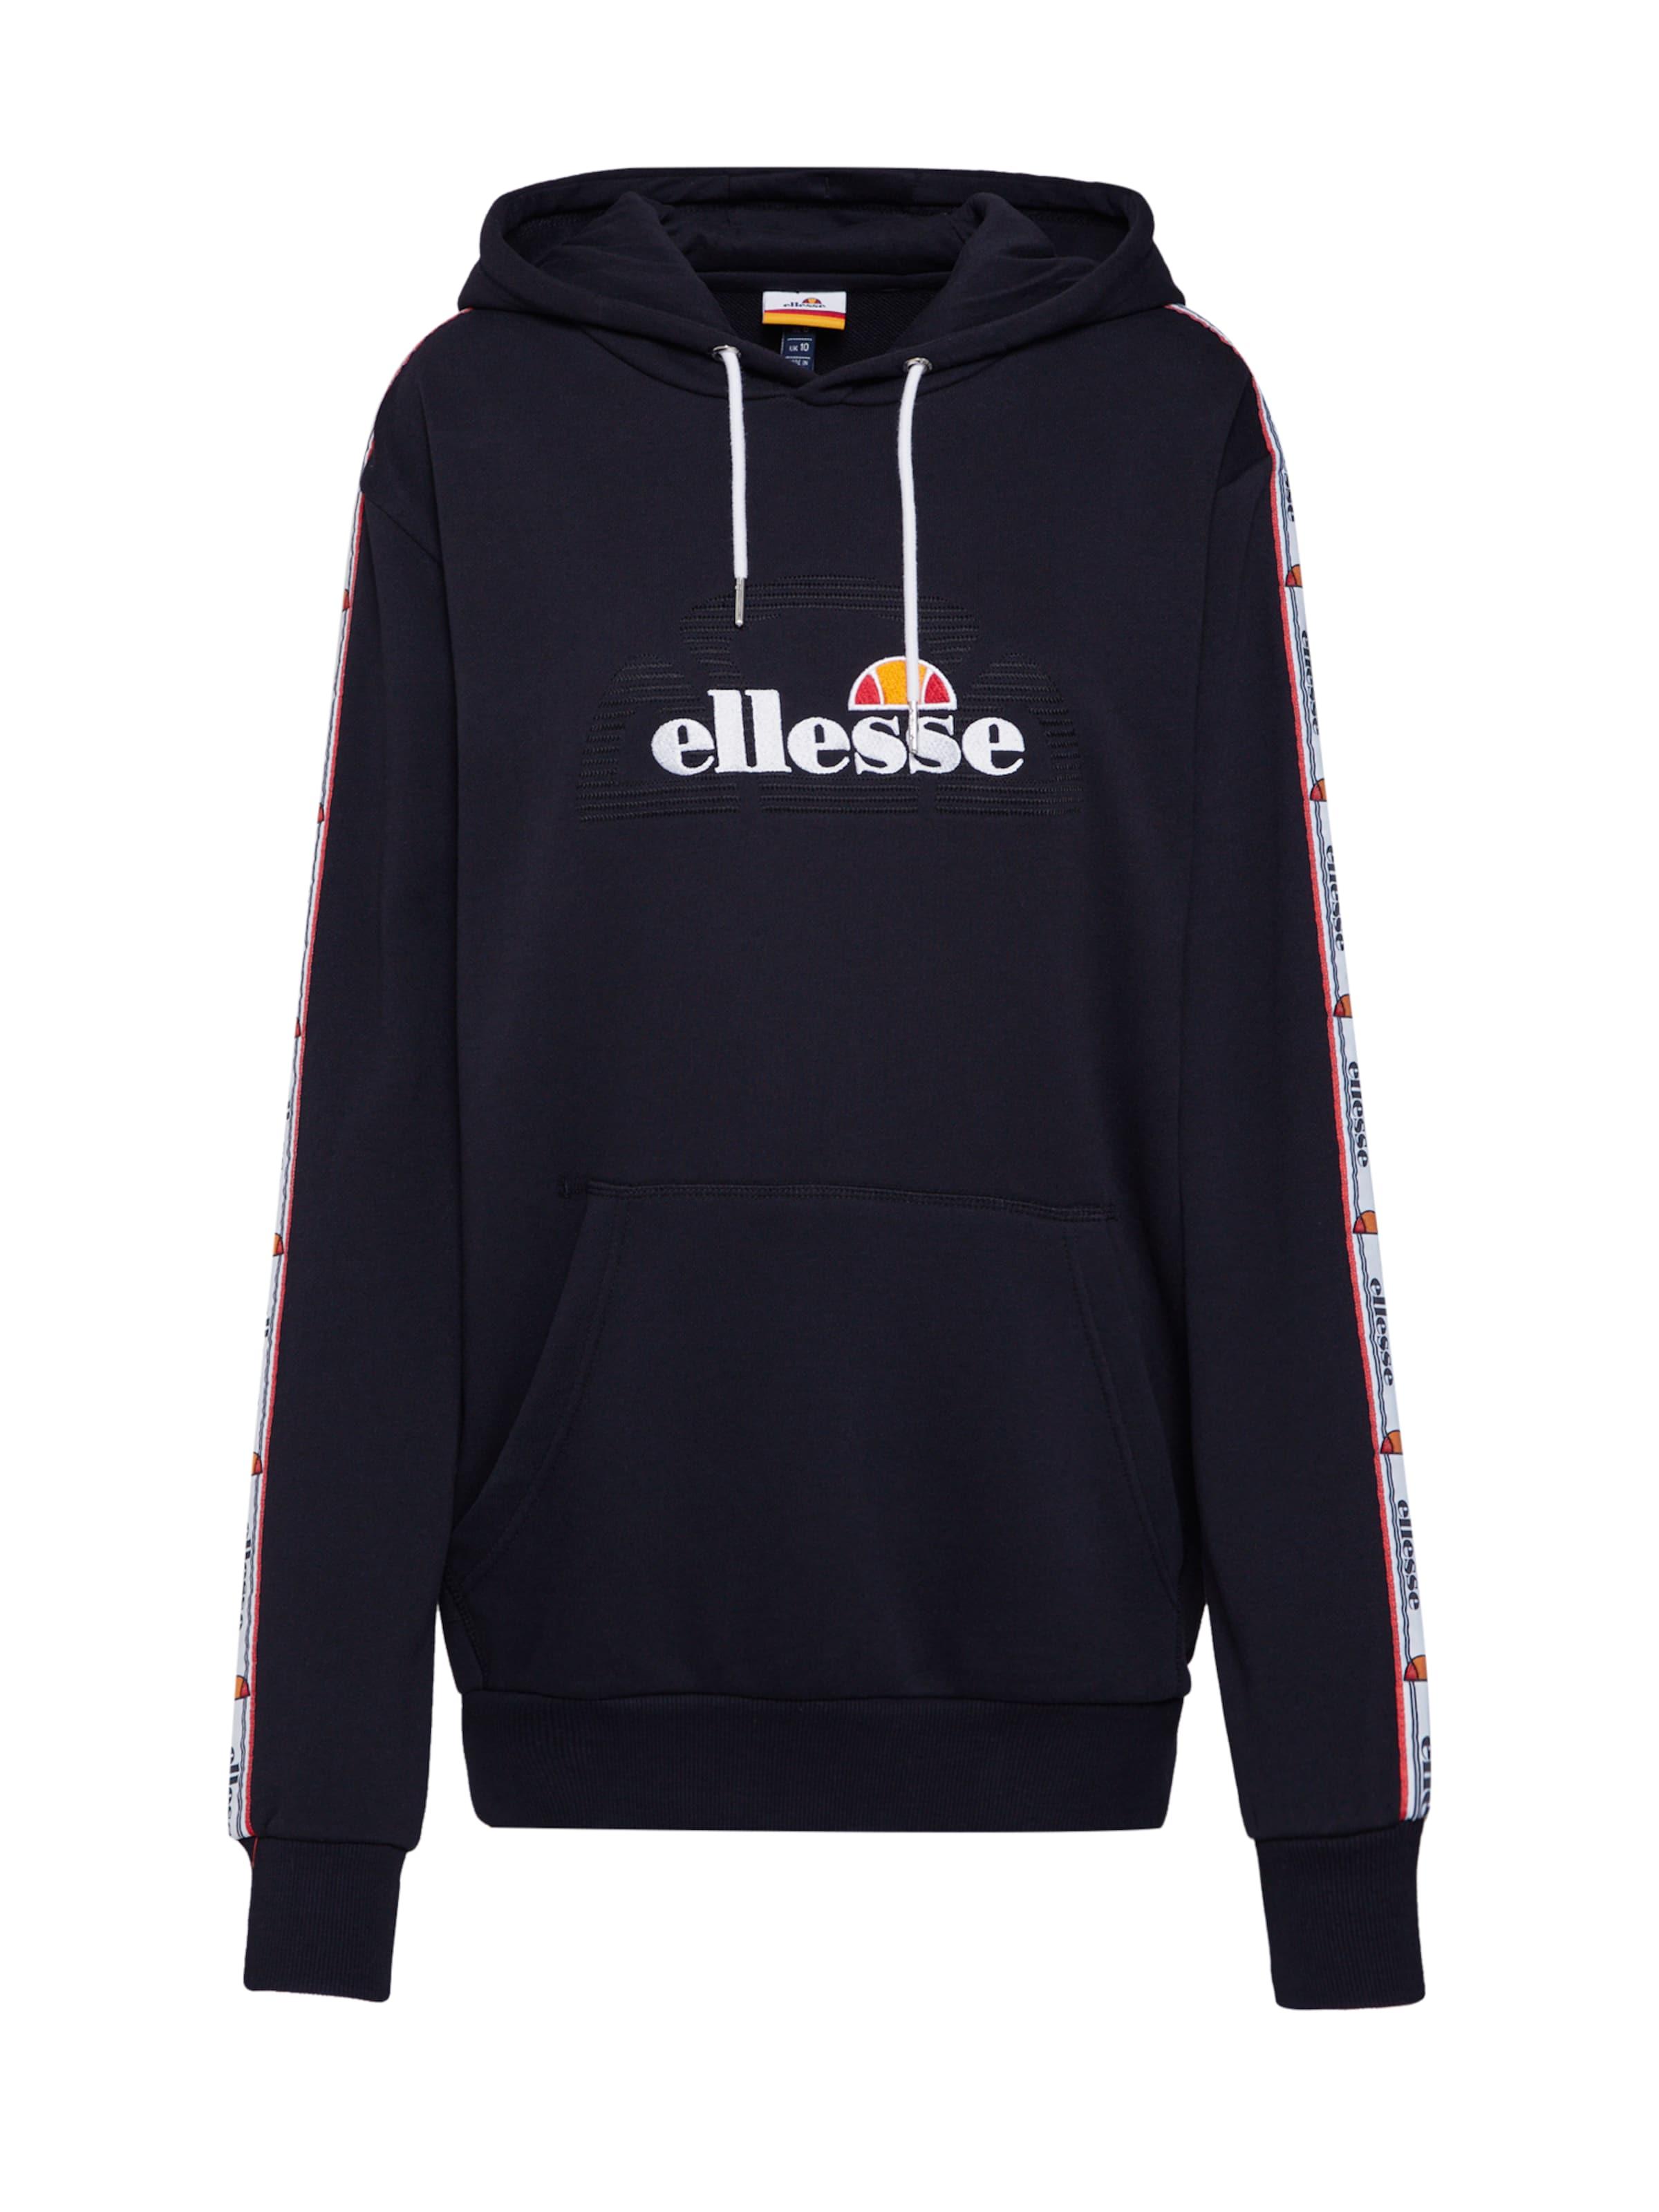 Ellesse 'marseille' Schwarz Ellesse In Sweatshirt Schwarz Sweatshirt In Ellesse 'marseille' 6gY7yvfb
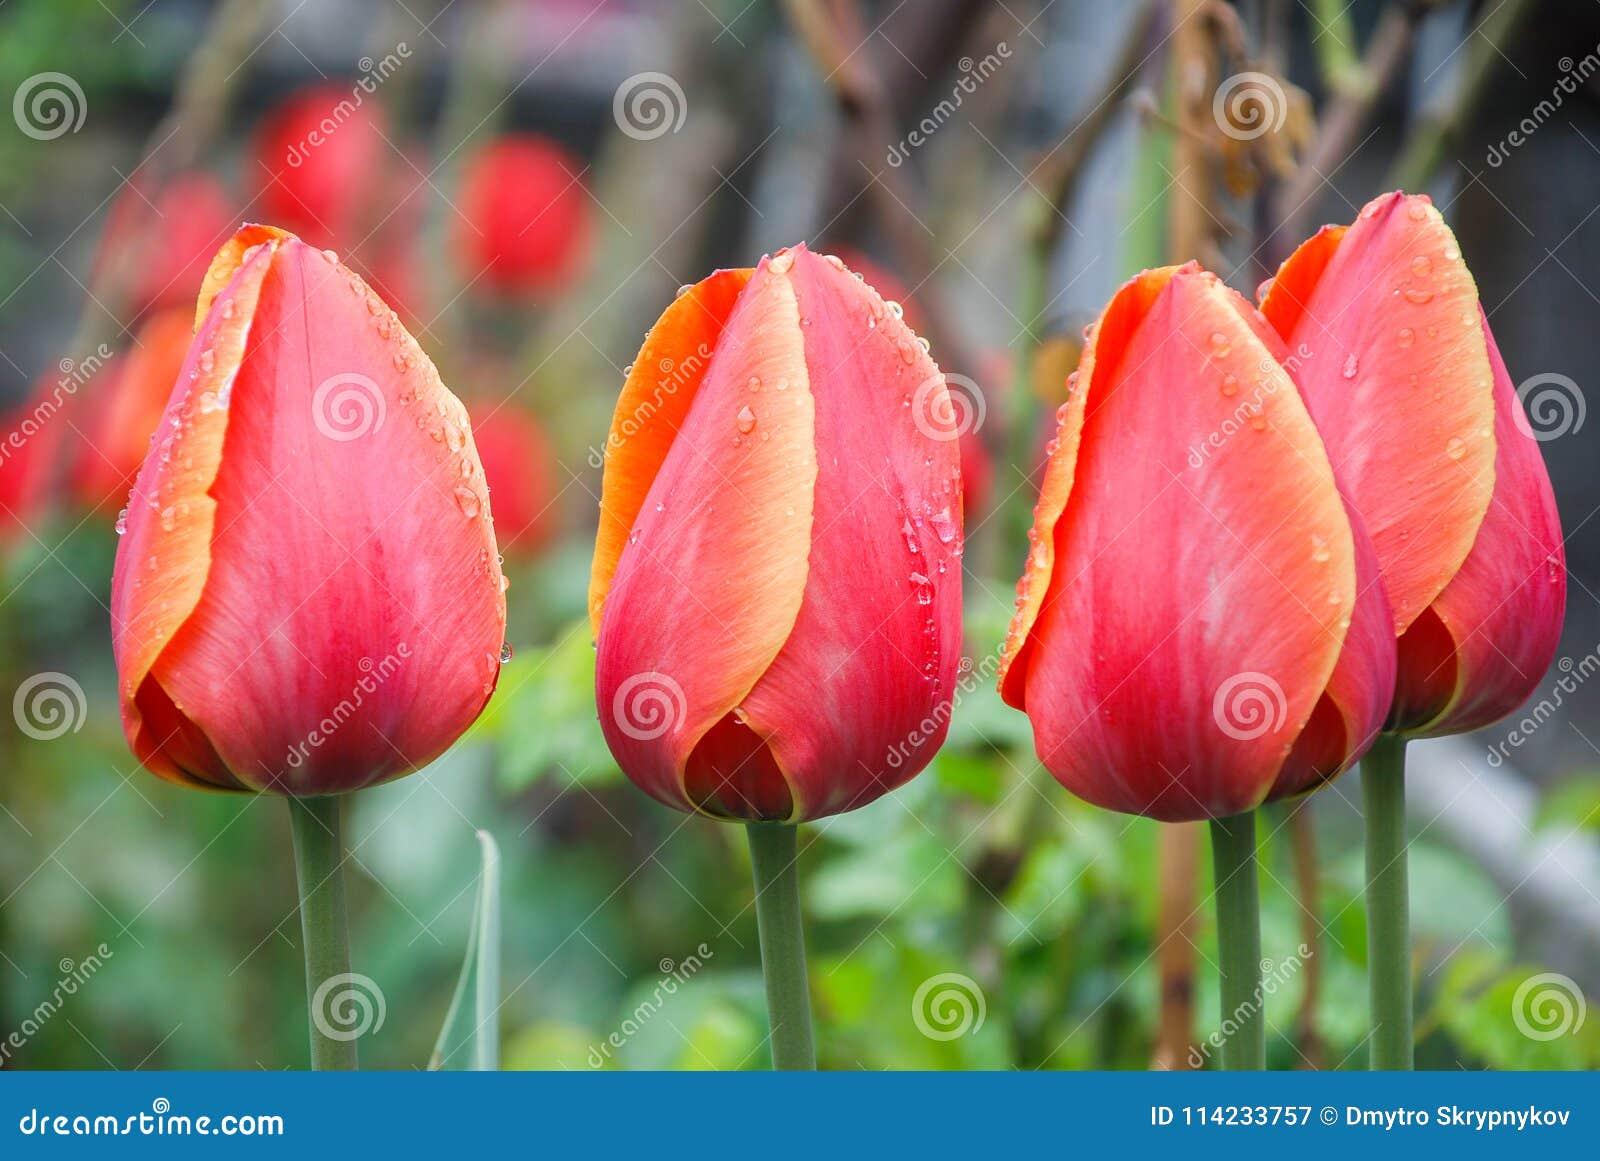 在绿色背景的红色郁金香,叶子,水滴下
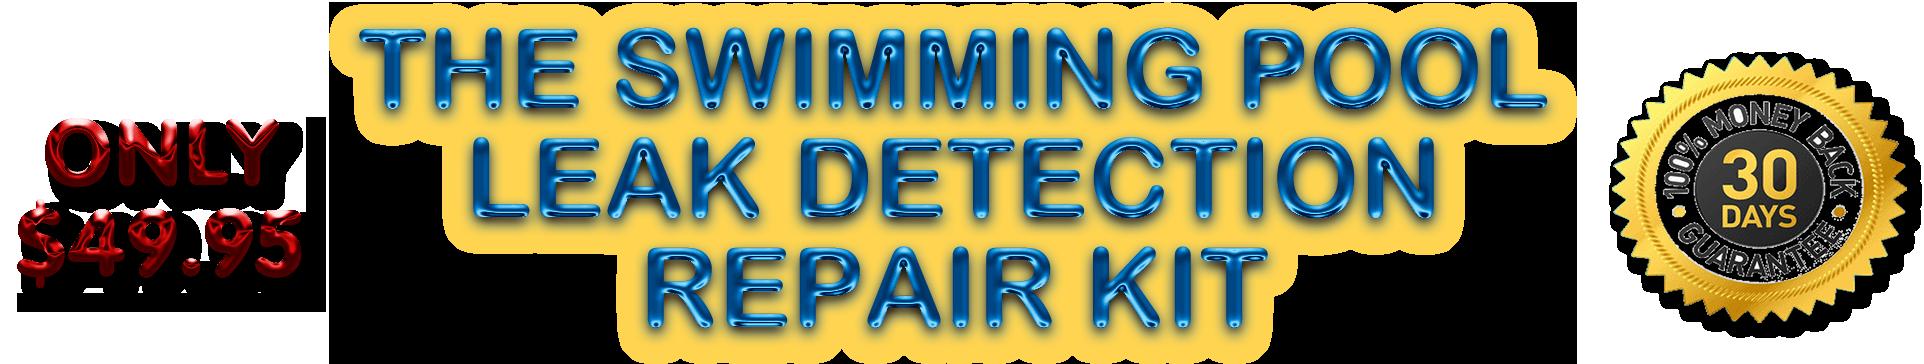 Swimming Pool Leak Detection And Dye Testing Kit
━━━━━━━━━━━━━━━━━━━━━━━━━━━━━━
**Exercise aim**
Could the data above be copied out exactly, with no pictures kept?

**Problem solution**
 Ellesse 'marseille' Schwarz Ellesse In Sweatshirt Schwarz Sweatshirt In Ellesse 'marseille' 6gY7yvfb
 在绿色背景的红色郁金香,叶子,水滴下
 Swimming Pool Leak Detection And Dye Testing Kit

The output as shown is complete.